When one researches comparable cities we are one of the few that has not taken advantage of this vehicle to enhance our city amenities and economic development opportunities. There are currently 24 active voter-approved optional sales taxes in effect. Examples can be found in Willmar, Worthington Hutchinson, Fergus Falls, Albert Lea, Austin, Mankato and Rochester.

The proposed Regional Amateur Sports facility project to be funded by the optional sales tax will create significant growth in retail, restaurant and lodging demand. With the completion of a total regional sports complex between the authority project, the city, the school district and the university we will have created a four-season destination environment. The first level of business economic growth will occur within the new complex itself as jobs and demands on vendors' will increase. Once established, the sports complex will spin of increases in demand for food services, lodging and retail opportunities. The multiplier effect will be significant within the community. Existing businesses will prosper and new ones will be established.

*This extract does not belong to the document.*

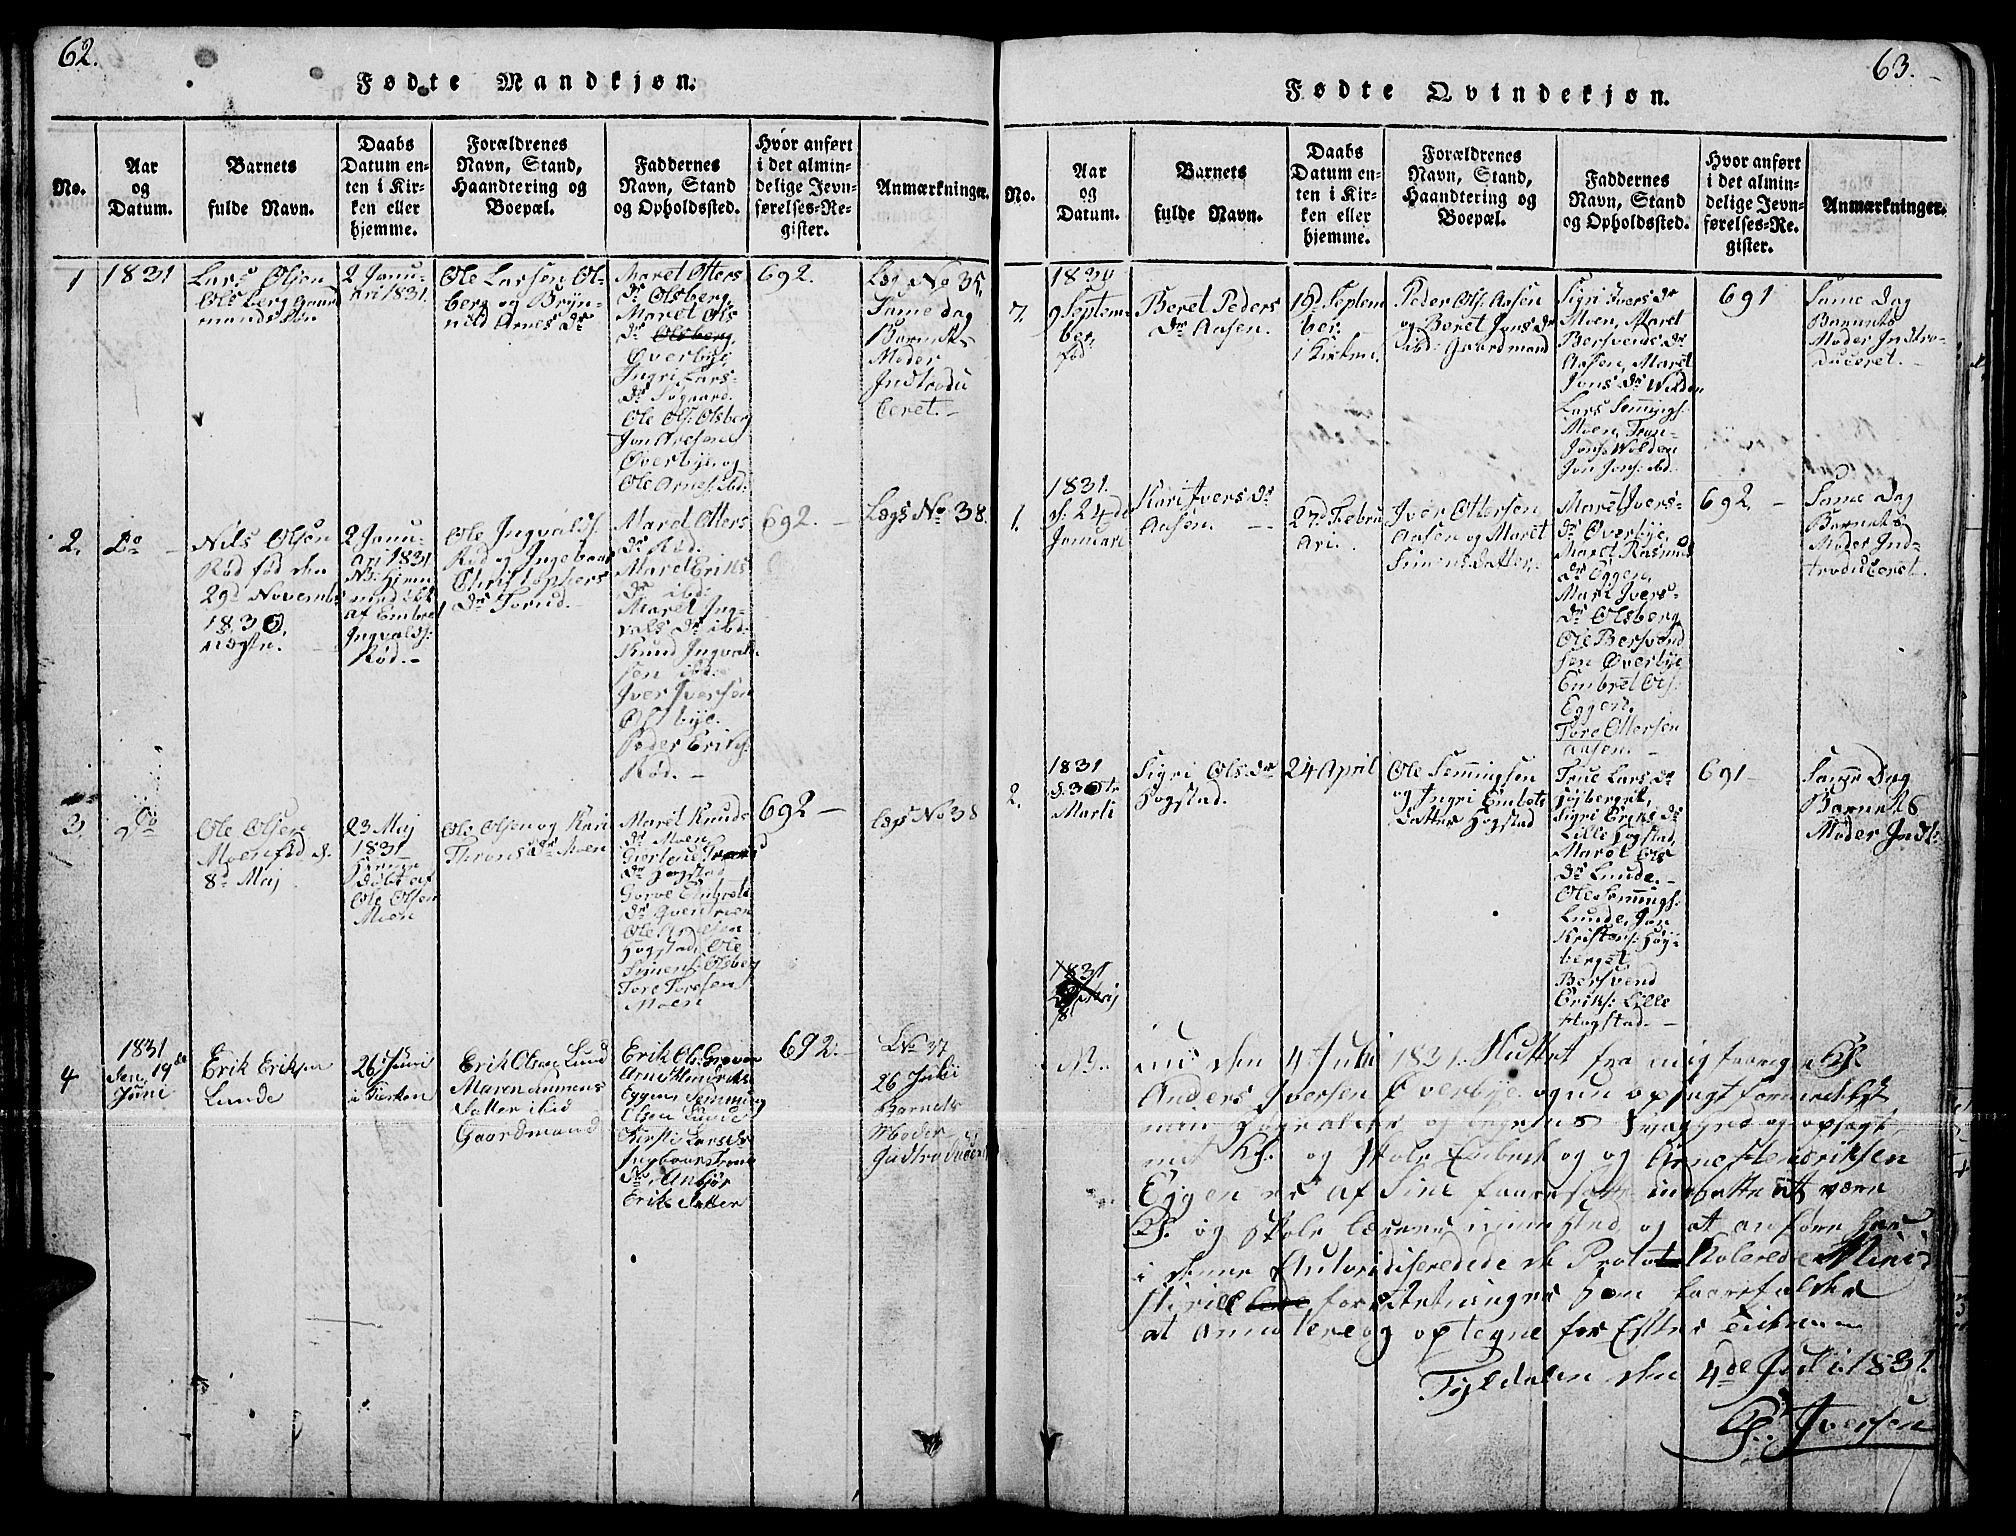 SAH, Tynset prestekontor, Klokkerbok nr. 4, 1814-1879, s. 62-63
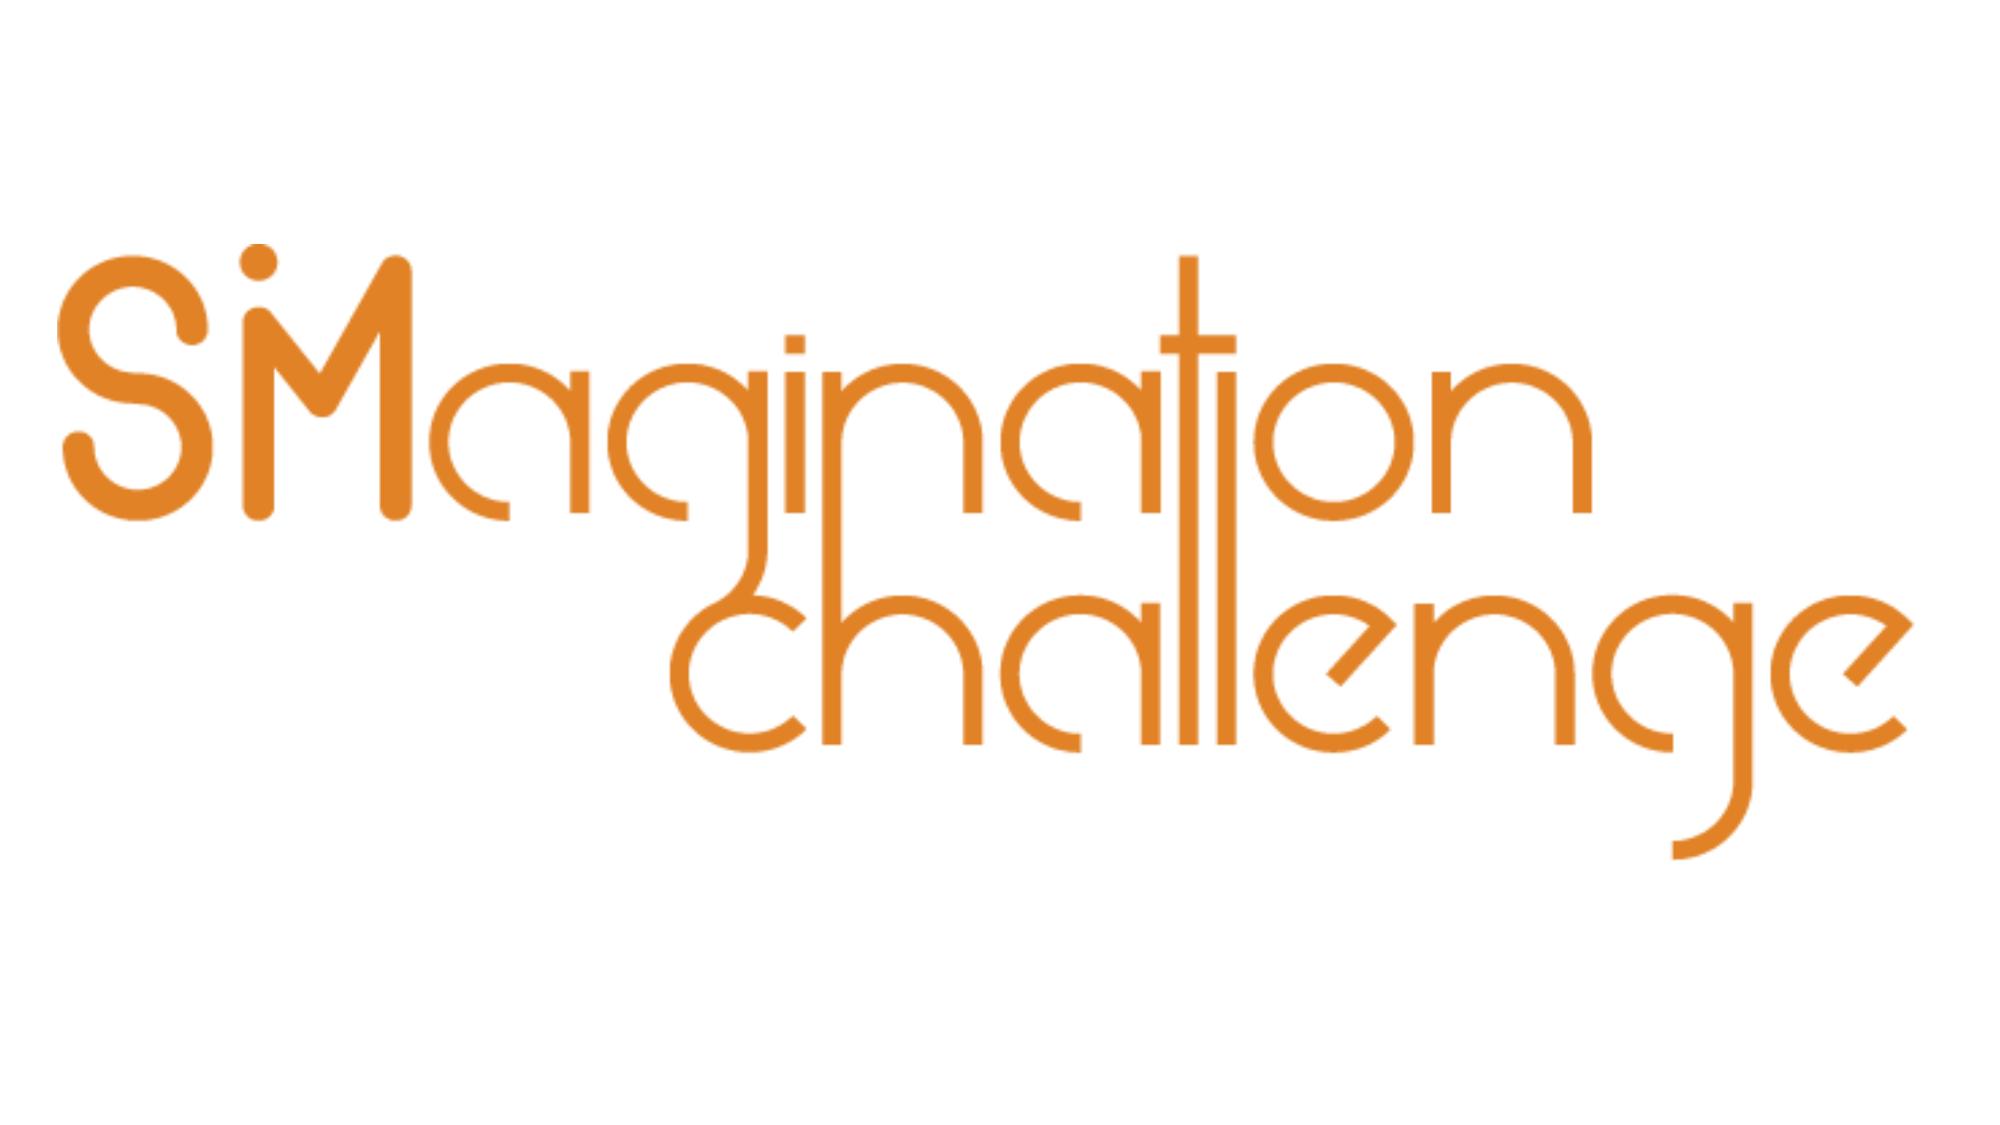 SIMagination Challenge

The real advantage of the optional sales tax approach is that instead of the City paying the entire bill for construction of the Sports Complex that it is shared between three groups. The first group is the residents of the City of Marshall. The second group consists of individuals who live in the area outside of the City limits but consider Marshall their regional service hub. The final group will be those individuals who make the Regional Sports Complex activities their destination from an area outside of our immediate service area. We will get the economic development benefits at less than 60% of the cost.

One argument I heard prior to the vote for the optional sales tax in Worthington was that, "People will stop coming to shop in the city." That no one will buy large-ticket items such as an automobile. Both proved to be false claims. First, autos face a fixed minimal fee, farm implements are not included and finally the Worthington economy has maintained a stable to increasing sales tax revenue indicating no impact on sales to a growing economy!

But what the Southwest Minnesota Amateur Sports Commission concept really does is foster a sense of collaboration.

Collaboration between public and private concerns.

Collaboration between the school district and the university.

Collaboration that leads to the whole becoming greater than independent action of the parts.

When completed we will have a complex that rivals any city several times the size of Marshall. Marshall will become a major sports and activities destination during all four seasons.

In closing, how does Southwest Minnesota State University benefit? The University benefits when the city of Marshall grows and prospers. With the Regional Sports Complex completed as a show place the university will have a strengthened position in recruiting students, staff and faculty. The growth of the university and the growth of Marshall are one and the same!